Dive Brief:
- Large banks, data aggregators and fintechs are wrestling over the costs of customer data sharing for a system of open banking as the issue plays out in federal court and with financial regulators.
- Aggregators’ large data draws are “a huge tax” on JPMorgan Chase’s infrastructure, said Kate Prochaska, a managing director at the largest U.S. bank said Tuesday in a panel discussion about open banking and the bank’s decision to impose data-access fees. The banking event was sponsored by a bank trade association and The Hill, a Washington news outlet.
- JPMorgan’s access fees now cover all of the digital data requests the bank receives from companies in the open banking ecosystem and apply to each call as opposed to a monthly cost, Prochaska said.
Dive Insight:
JPMorgan led the industry earlier this year in adding new fees for aggregators, such as Plaid and MX Technologies, that collect consumer data they provide fintechs for a range of financial apps and services, including payment processing.
Amid the market players’ fee debate, the Consumer Financial Protection Bureau is reworking an October 2024 rule from the Biden administration on open banking, which drew a lawsuit from the BPI in a federal court in Kentucky.
The CFPB told a federal court in July that it would revamp the rule shortly after JPMorgan surprised and alarmed some in the industry with the new access fees.

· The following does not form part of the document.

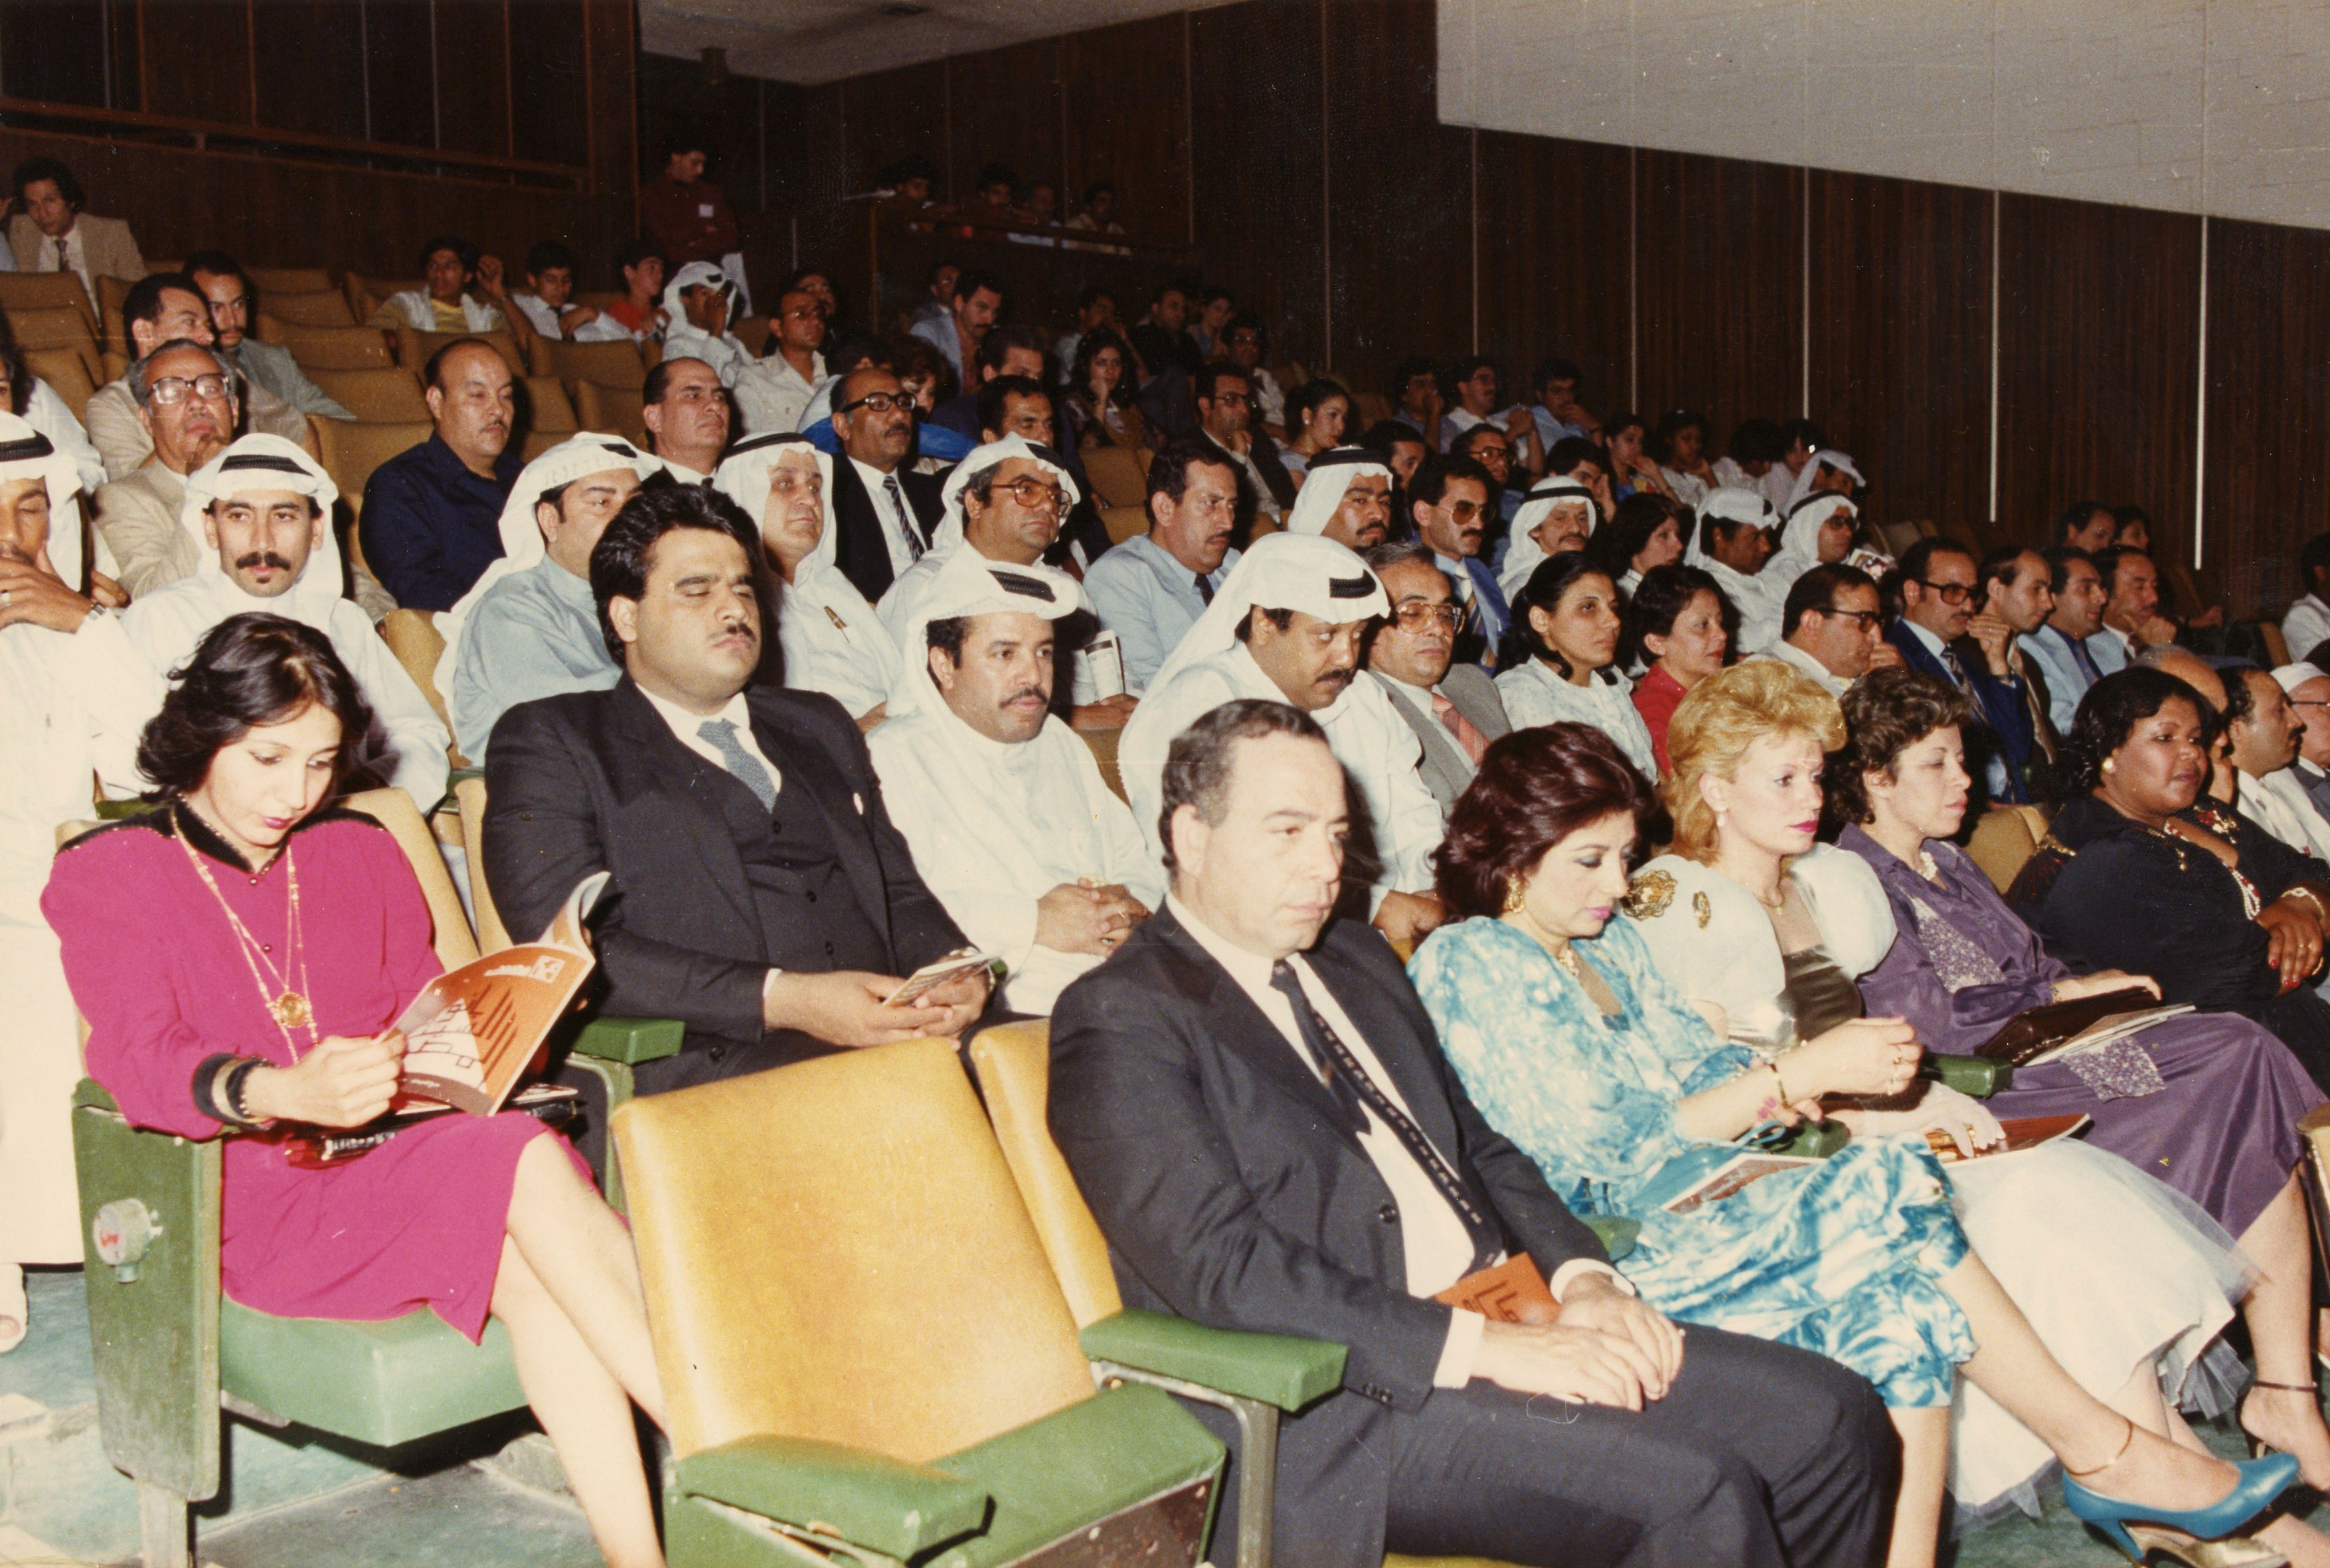 One event at Kuwait Cine Club around 1983

The Financial Technology Association won permission to intervene in the lawsuit, and has lobbied the CFPB not to allow banks and other providers to assess fees as part of the rule.
However, the future of an open banking rule seems uncertain given the CFPB faces an uncertain future, noted Adam Rust, director of financial services at the Consumer Federation of America.

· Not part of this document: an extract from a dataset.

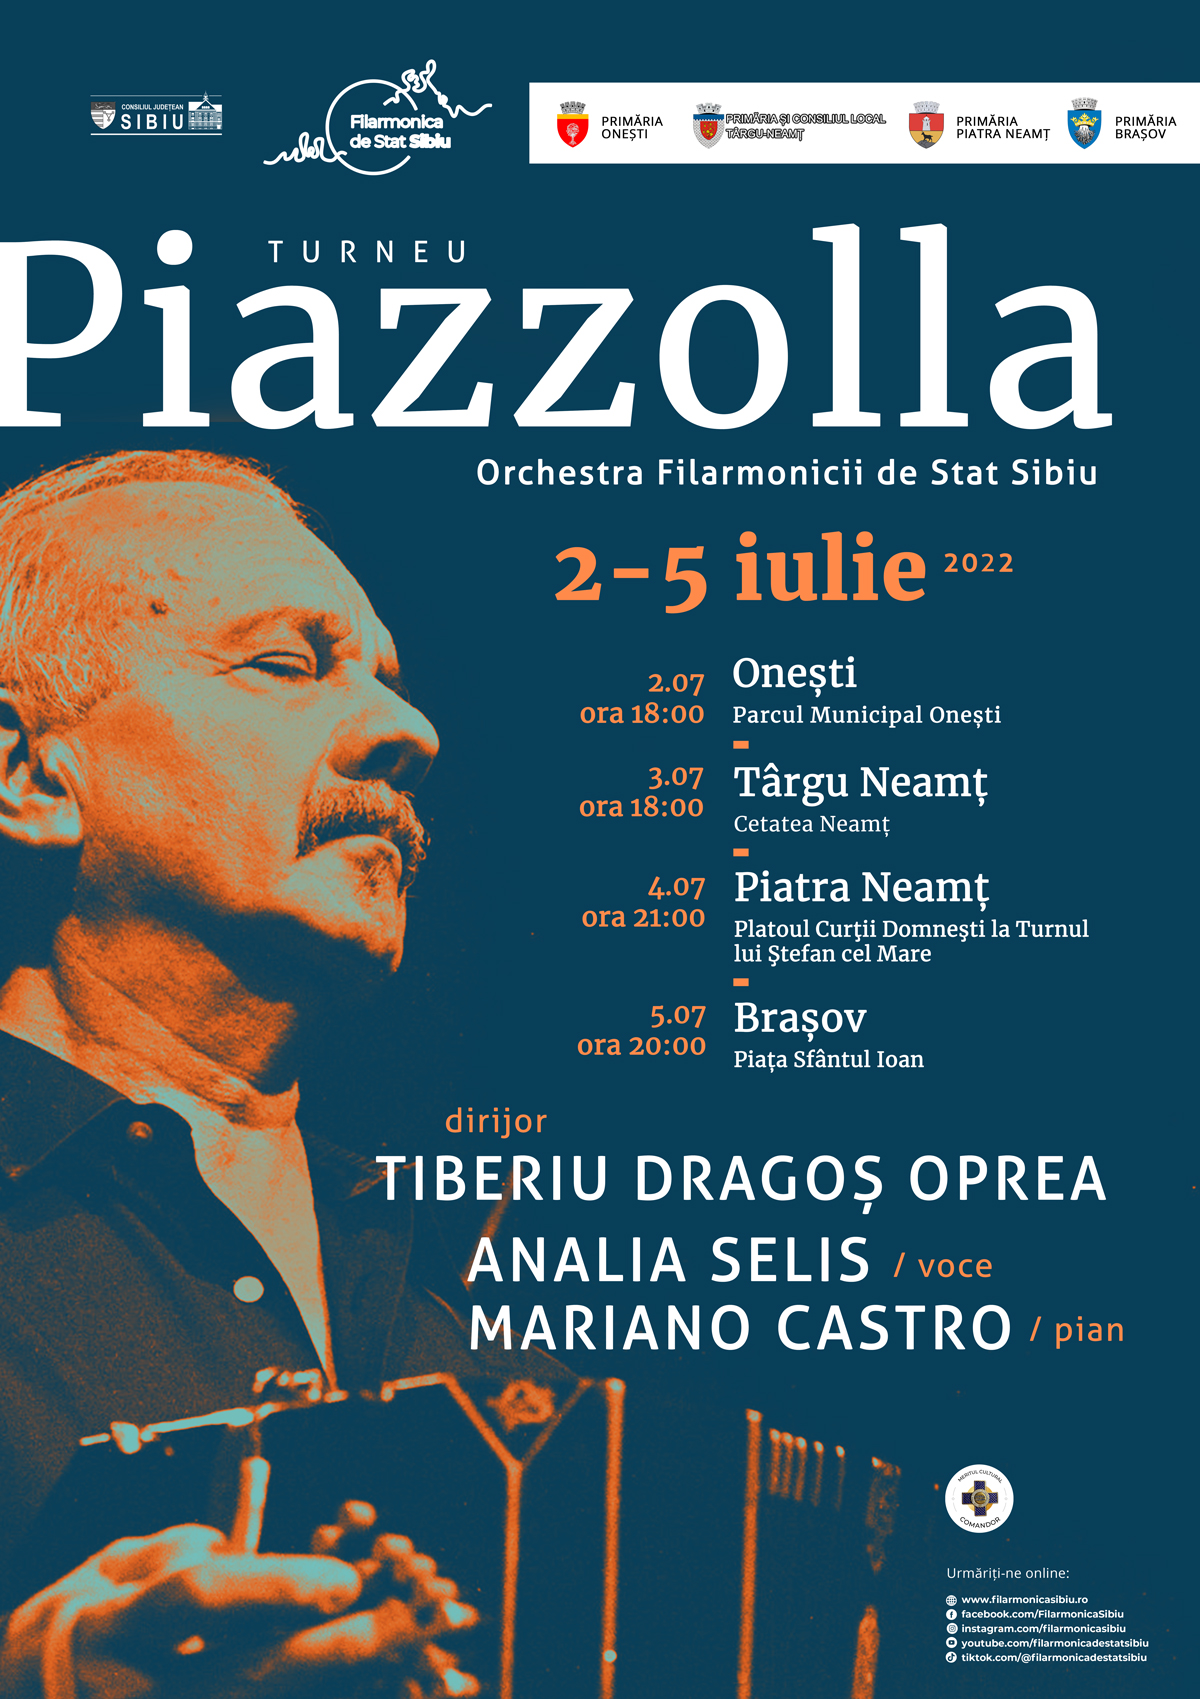 Turneu Piazzolla

“Who is going to enforce (the rule), if it happens?” Rust said during the panel discussion. “There are many reasons to be concerned that it will immediately be relitigated in courts, especially if there's a fee that comes out of the reconsideration rule.”
The CFPB’s acting director, Russell Vought, has spoken publicly about shuttering the bureau and has declined to request funding for the agency’s operations in 2026.
The CFPB’s open banking rule aims to spur greater competition among banks and other financial services companies, including neobanks, other fintech startups and those that enable payments. Giving consumers direct access to their financial information – and where they send it – can also reduce prices across the industry and improve customer service, the bureau said when it formulated the rule.
In terms of data volume, some aggregators were collecting as much as 50% more customer information from JPMorgan than they needed for fintechs, Prochaska argued. The bank’s APIs are “pinged” for data two billion times per month, up from one billion in 2023, Prochaska said. The bank serves 11,000 apps, up from 5,000 two years ago, she said.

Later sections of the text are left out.